Lynxacarus radovskyi mites in feral cats: a study of diagnostic methods, preferential body locations, co-infestations and prevalence.

Abstract

Background - Lynxacarus radovskyi (fur mites) are ectoparasites found on the hair shafts of cats living in tropical environments. Diagnosis is via microscopic examination of hairs. Various anatomical areas have been reported to harbour these mites. Objectives - To assess adhesive tape impressions and trichograms for detecting L. radovskyi and co-infestations; to determine host body predilection sites and affected gender; to determine prevalence of L. radovskyi in a feral cat population. Animals - 121 feral cats in a trap, neuter and release programme. Methods - After cats were premedicated for surgical sterilization, hairs from seven to nine body sites were removed from each cat using adhesive tape impression and trichogram techniques.
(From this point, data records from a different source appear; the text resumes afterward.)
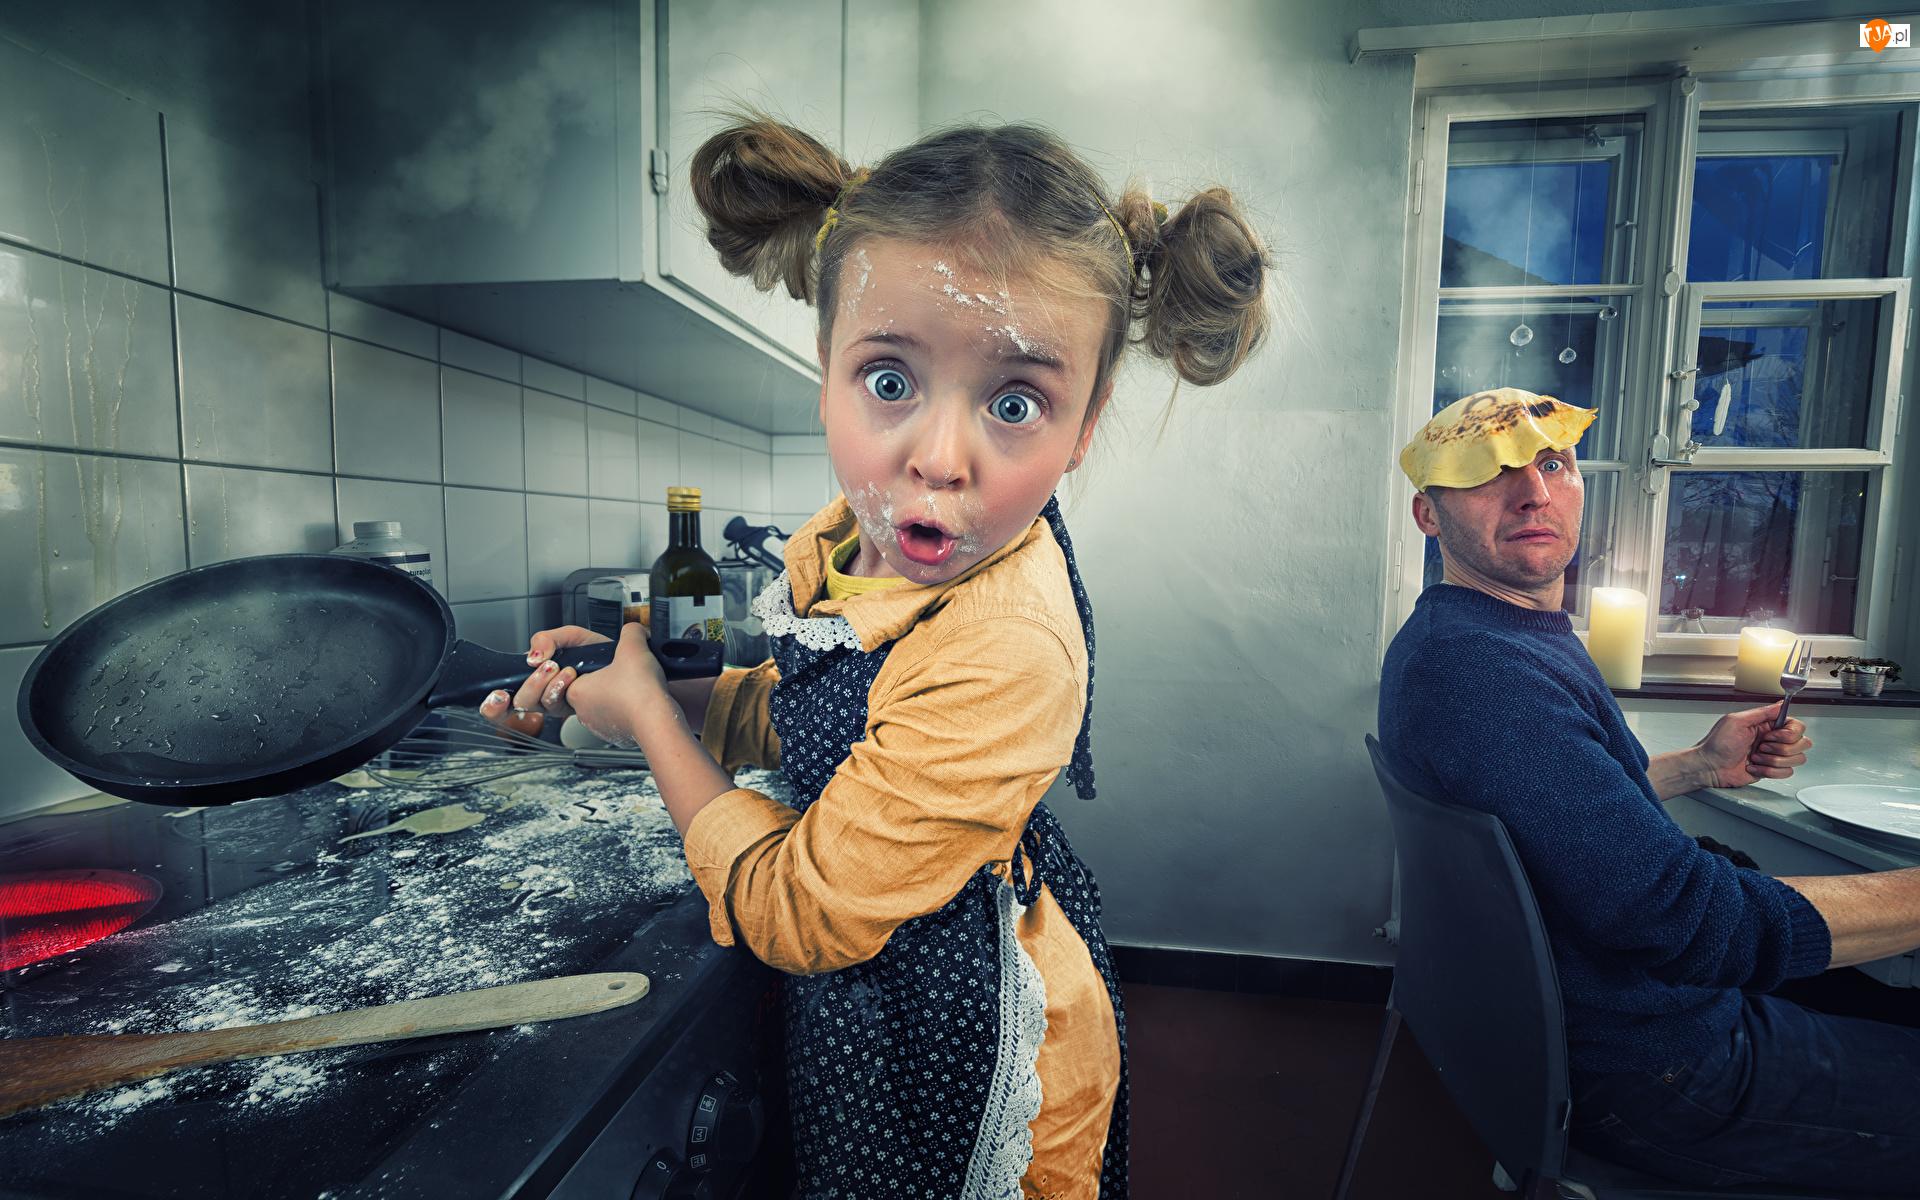 Patelnia, Kuchnia, Dziewczynka, Śmieszne, Mężczyzna, Naleśniki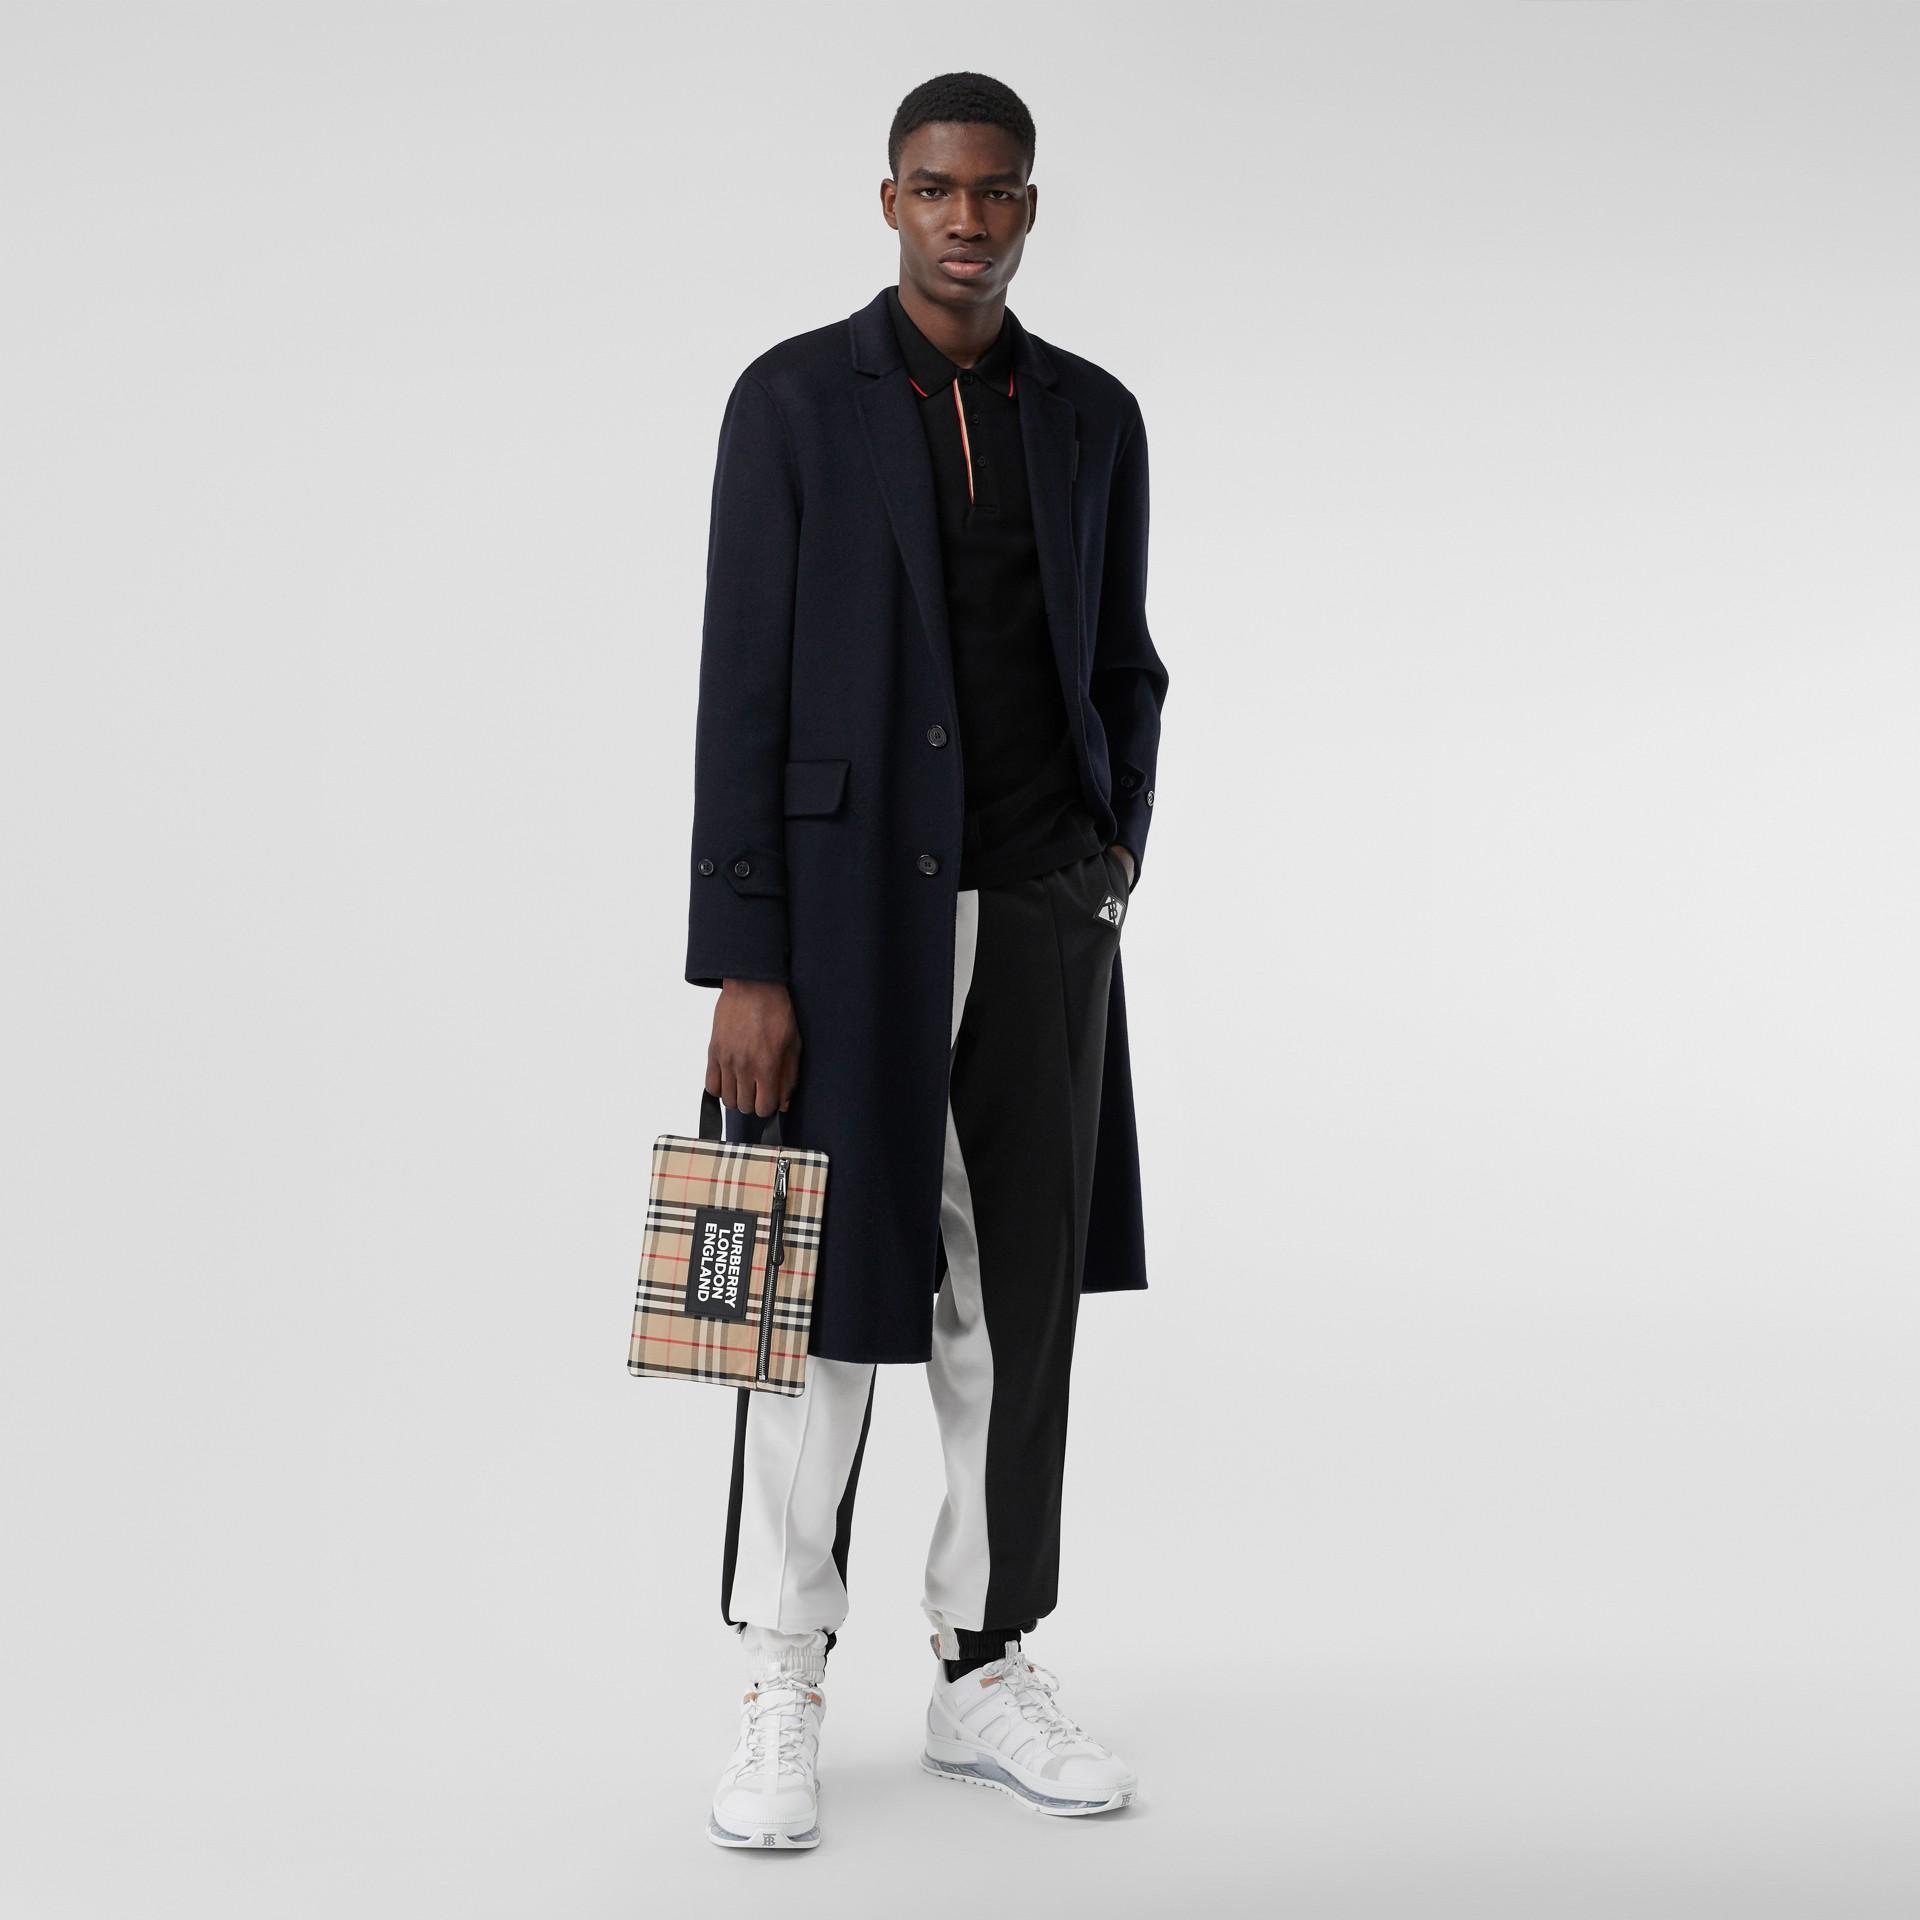 Пальто Lab Coat из кашемира (Темно-синий) - Для мужчин | Burberry - изображение 6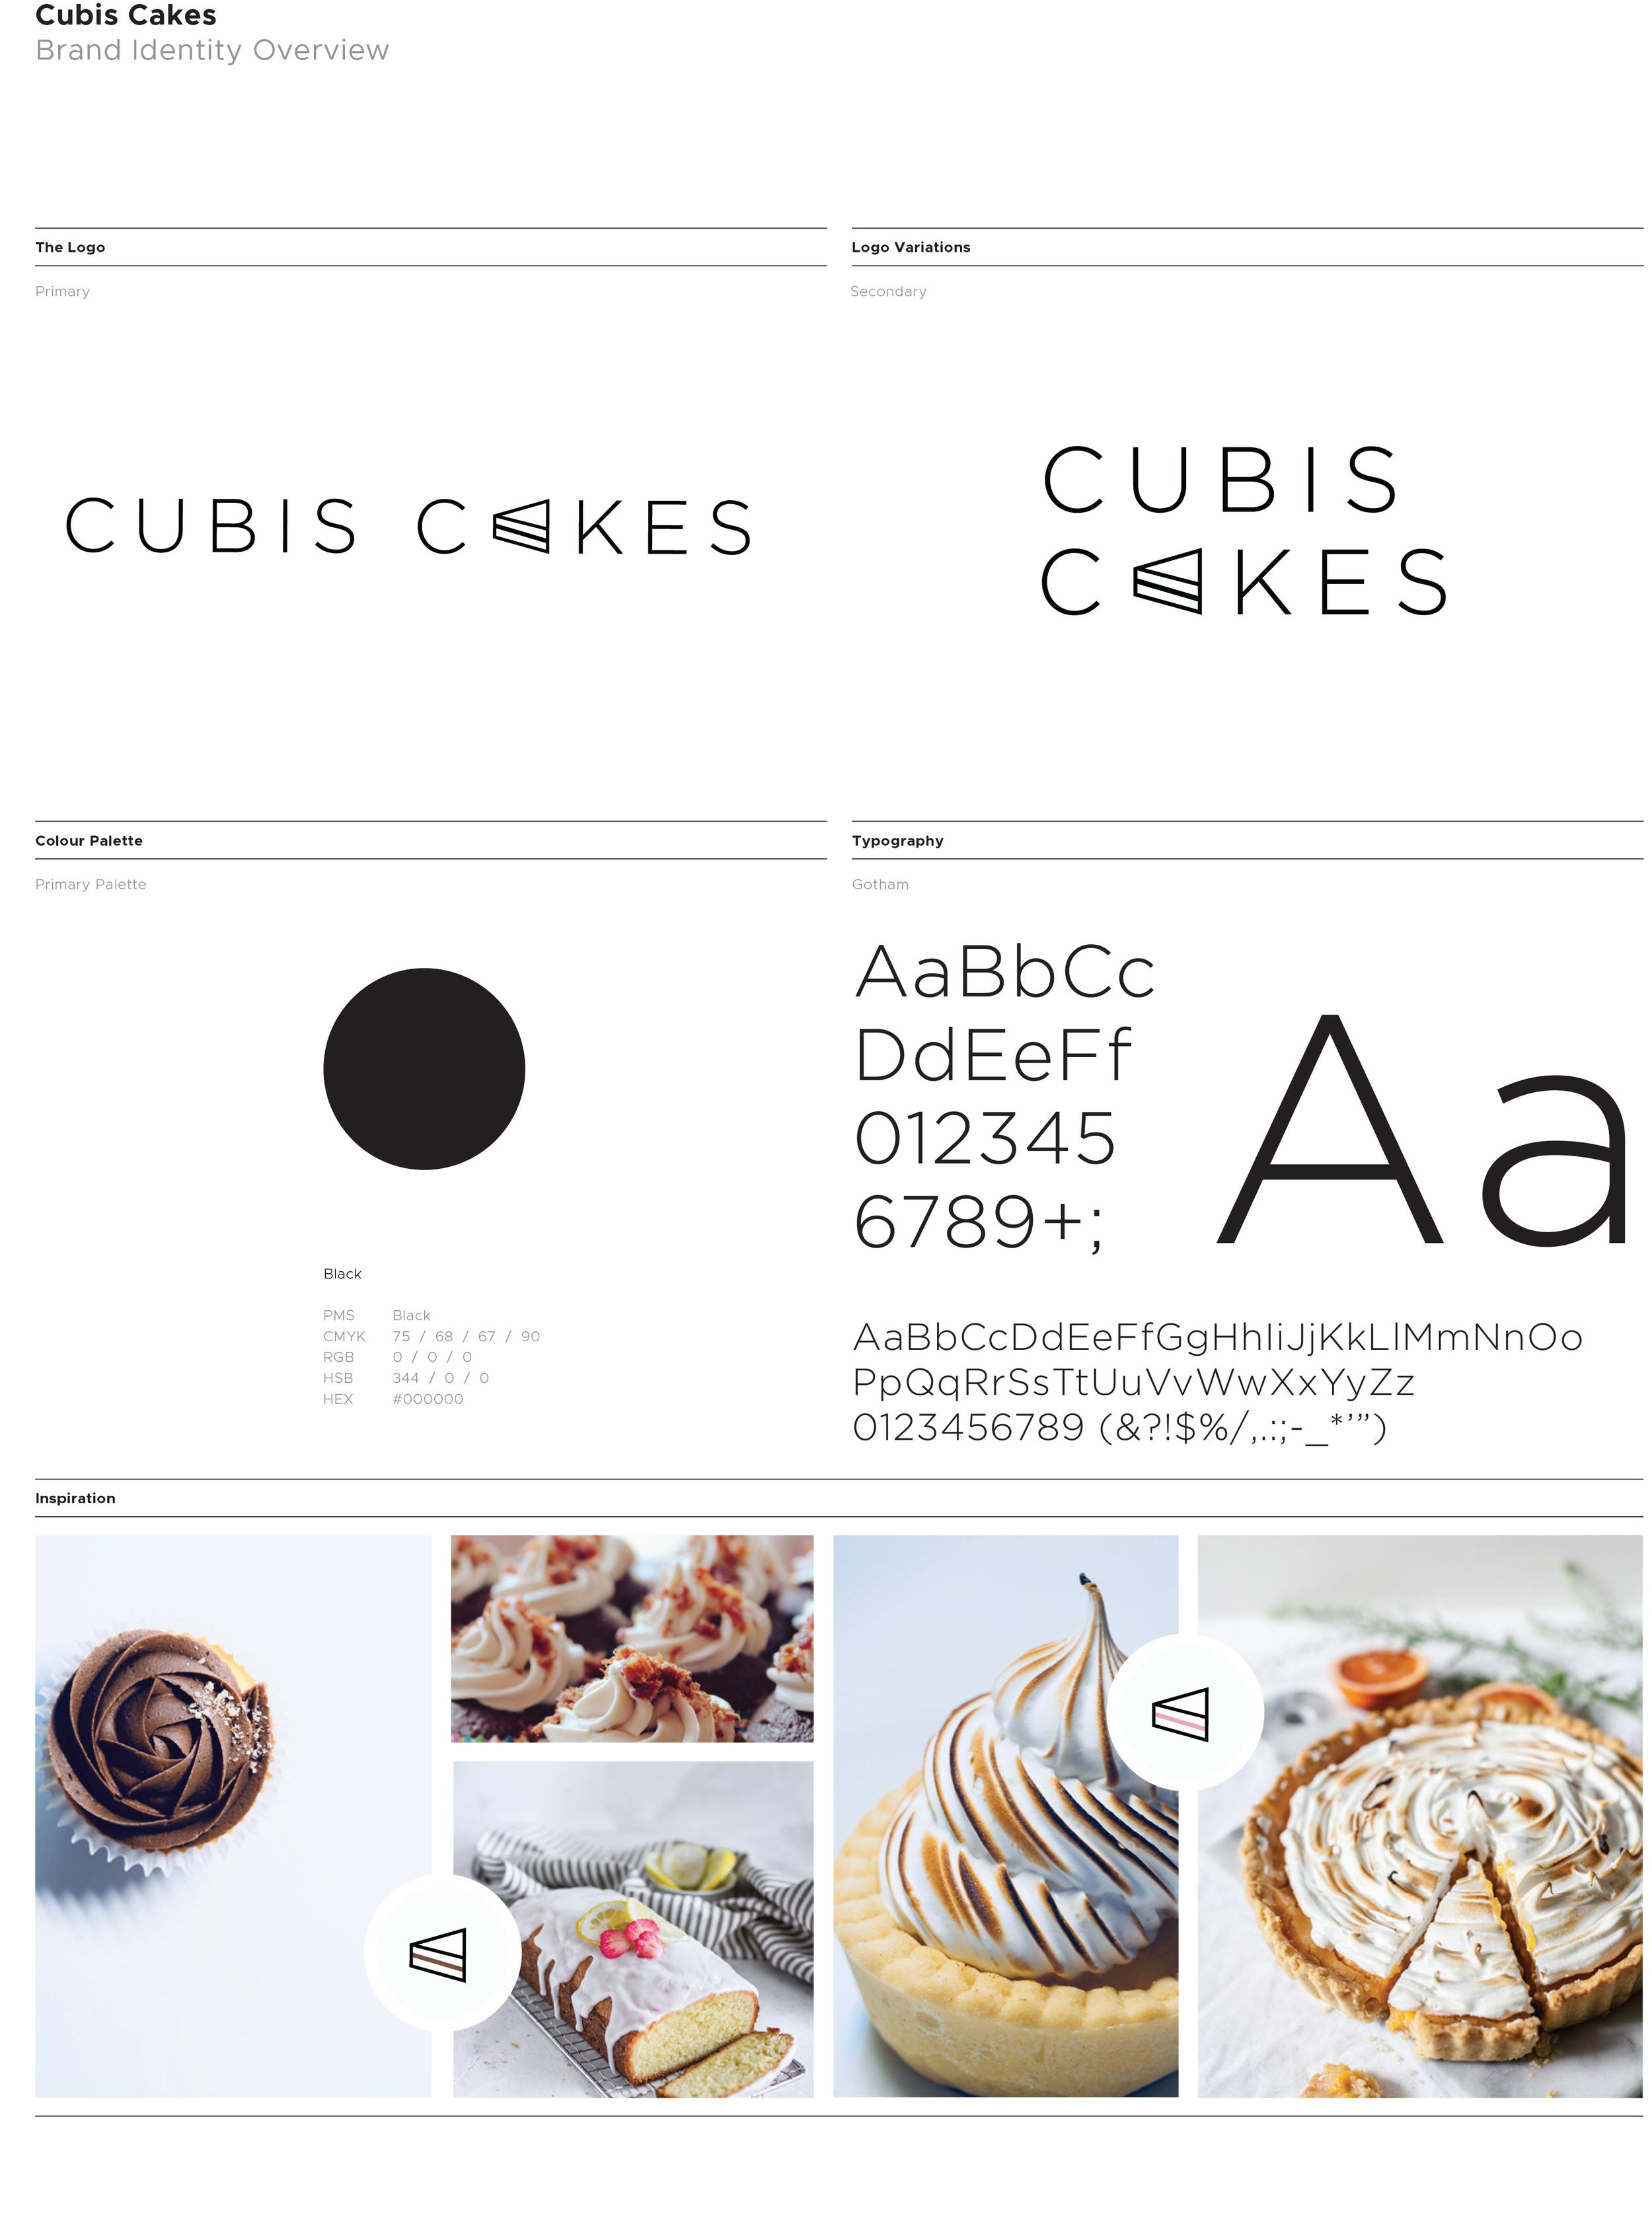 Cubis Cakes

Samples were examined at 10-100Ă— magnification using compound or stereo microscopes. Results - The prevalence of L. radovskyi was 71% (86 of 121) within the feral cat population. Tape impressions identified 75 cats; trichograms identified 56 cats. There were fewer false negative results with tape impressions. Caudal body sites were more likely to be positive, with the perianal area being the most commonly affected. Males and females were infested equally. Tape impressions identified more Cheyletiella blakei infestations and both methods identified some Felicola felis infestations. Conclusions and clinical importance - Tape impressions were easier to perform and identified more L. radovskyi positive cats and more co-infestations. Hairs from the perianal area and other caudal body sites are most likely to harbour L. radovskyi. Within this feral cat population, L. radovskyi was a common infestation.